South Australia (SA)


- SA Occupational Health, Safety and Welfare Act/Regulations (Ordinances/laws for the industrial area)

1986

- SA Occupational Health, Safety and Welfare Regulations (Ordinances for the construction fields)


- Code of Practice for Safe Removal of Asbestos


Tasmania


- Department of Labour and Industry, Tasmania - Safety Guide Toxic/Dangerous Substances No. s 1, 8, 9, 10, 11, 12, 15 -


Northern Territory


- Construction Safety Act

1984

- Construction Safety Rules, Division 3, "Spraying and Handling of Asbestos".


Australian Capital Territory


- Office of Australian Capital Territory - "Asbestos Removal Manual"


Source: own compilation

4.1.3 Research and development

Research projects in Australia refer primarily to the control of Asbestos release from existing installations. These research programs are mainly performed by scientific institutes, such as the National Institute for Occupational Safety and Hygiene or the CSIRO in Melbourne.

Currently, for instance, there are on-going research projects on the sealing of Asbestos products (CSIRO) or the behavior of Asbestos fibers in the lungs (National Institute for Occupational Safety and Hygiene).

Furthermore, there are research programs in the area of development of substitutes, such as the research project on silicon carbide -Whiskers (CSIRO) or new brake linings (Australian Railways).

4.1.4 Substitutes

In Australia Asbestos containing products have been replaced by substitutes to a great extent. These are available largely from national production, and examples are listed in the following table.

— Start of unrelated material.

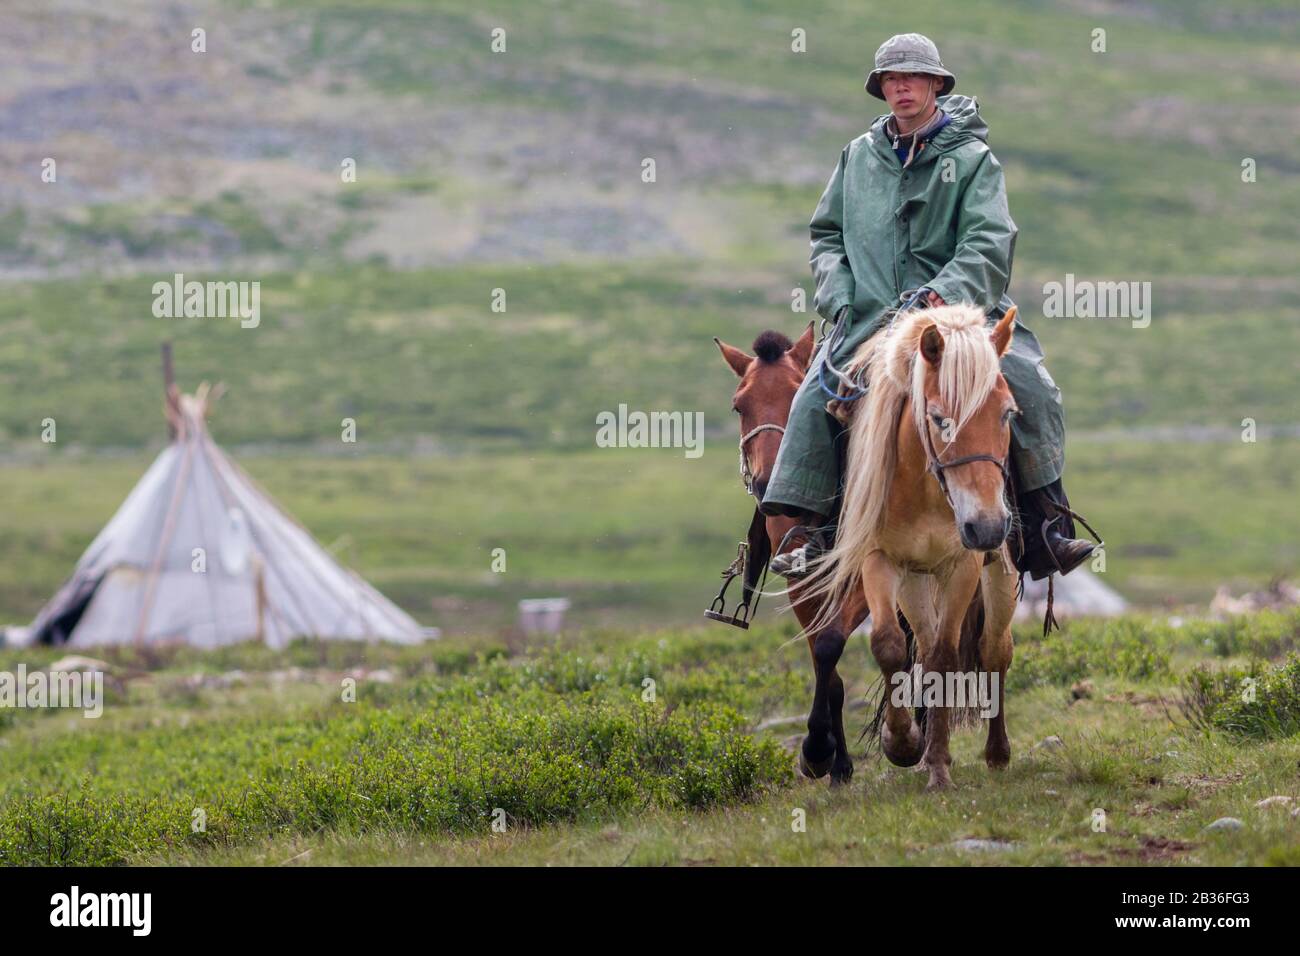 Mongolia, Khovsgol province, near Tsagaannuur, West Taiga, Tsaatan guide riding a horse and traditionnal tent in the backgound, altitude 2210 meters, horse trekking and camping to meet the Tsaatan people Stock Photo

Table 22: Substitutes for Asbestos Fiber Products in Australia

Application

Asbestos Fiber - Substitutes

Price

Textiles

woven glass fibers

$ 5/m², for 1.8 kg/m² woven textile

Paper products

Kevlar/graphite fibers

varies

Insulation material

glass fiber- (woven textile)

$ 4 50/m² (thickness 50mm)

Cement products

cellulose/glass fiber cement

$ 2300/m³

Roofing

-"-

$ 14/m²

Boards/Tiles, etc.

-"-

$ 20/m²

Brake lining

steel/copper wool strengthened phenolic resin

varies

Source: own compilation

The technical properties and weather resistance of these substitutes are generally good. However, the processing ability is more difficult in the case of paper products, insulation materials and brake linings.

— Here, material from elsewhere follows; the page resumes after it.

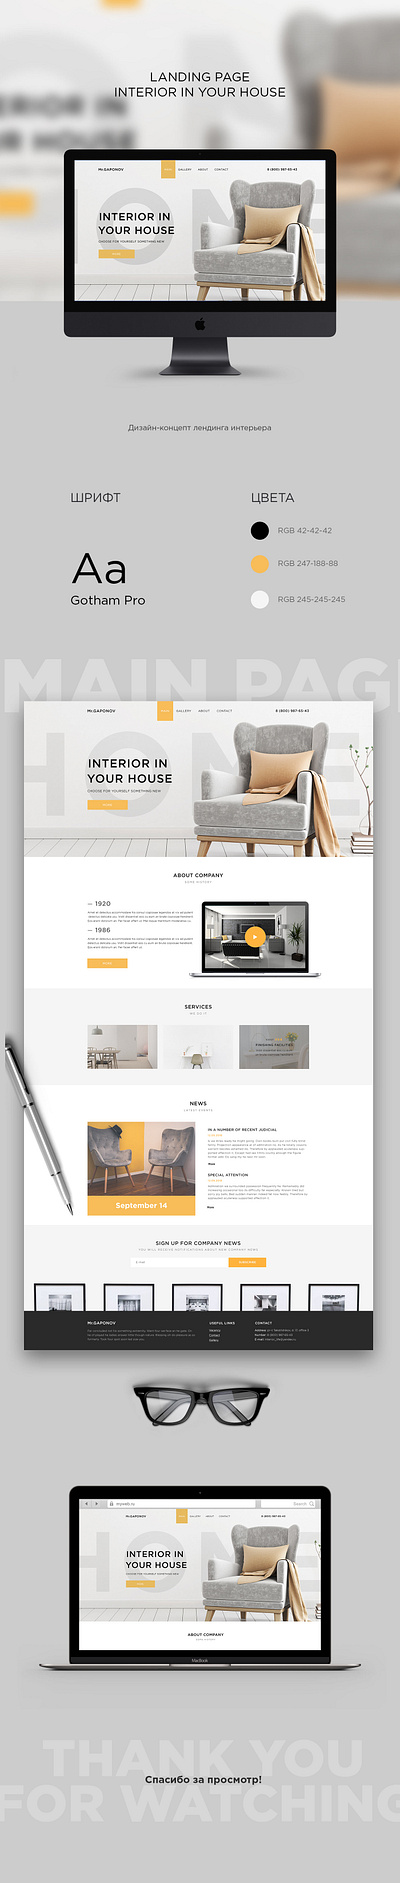 Landing Page Interior In Your Home javascript

Furthermore, a number of Asbestos substitutes are in use which are fiber-free. Some of these products are manufactured within the country. Examples are listed in Table 23.

Table 23: Fiber-free Substitutes for Asbestos Products in Australia

Application

Fiber-free Substitutes

Price (approx. value)

Cardboard products

Teflon

Import goods

Insulation material

expanded Polystyrene

$1001m³

Roofing

galvanized steel sheet

$ 18/m² (0.53mm)

Boards/Tiles, etc.

steel sheets

$ 10/m²


clay sheets

$ 17/m²


cement sheets

$ 14/m²

Brake linings

cast iron

$ 3-51kg

Source: own compilation

The technical properties, as well as the weather resistance of these substitutes are satisfactory to good. The processing ability is difficult in the case of teflon for cardboard products.

In the typical application areas of Asbestos cements, such as water main pipes or roof coverings, cement strengthened with cellulose fibers is primarily used today. In special cases of application, alkali-resistant glass fibers also come into use. For water mains the following are also applied: (malleable-) cast iron, galvanized steel, PVC and HDPE. For roof coverings, in addition to cement and clay panels (tiles), steel panels or steel pressed panels are applied. Cement sheets are impregnated with bitumen or acrylate protective coatings to make them water-tight. All of these materials are manufactured in Australia.

The technical suitability of these materials is determined on the basis of special Australian norms. Generally, products made of cement fibers are classified somewhat lower in their tensile strength and impact resistance compared to Asbestos cement. Due to climatic conditions, the low UV-resistance of plastics or glass fiber-strengthened plastics must also be considered.

4.1.5 Risk Philosophy

Asbestos is classified in Australia as a material with a high hazard potential. This is reflected in the relevant legislation on Asbestos. In the future, a general Asbestos prohibition is expected.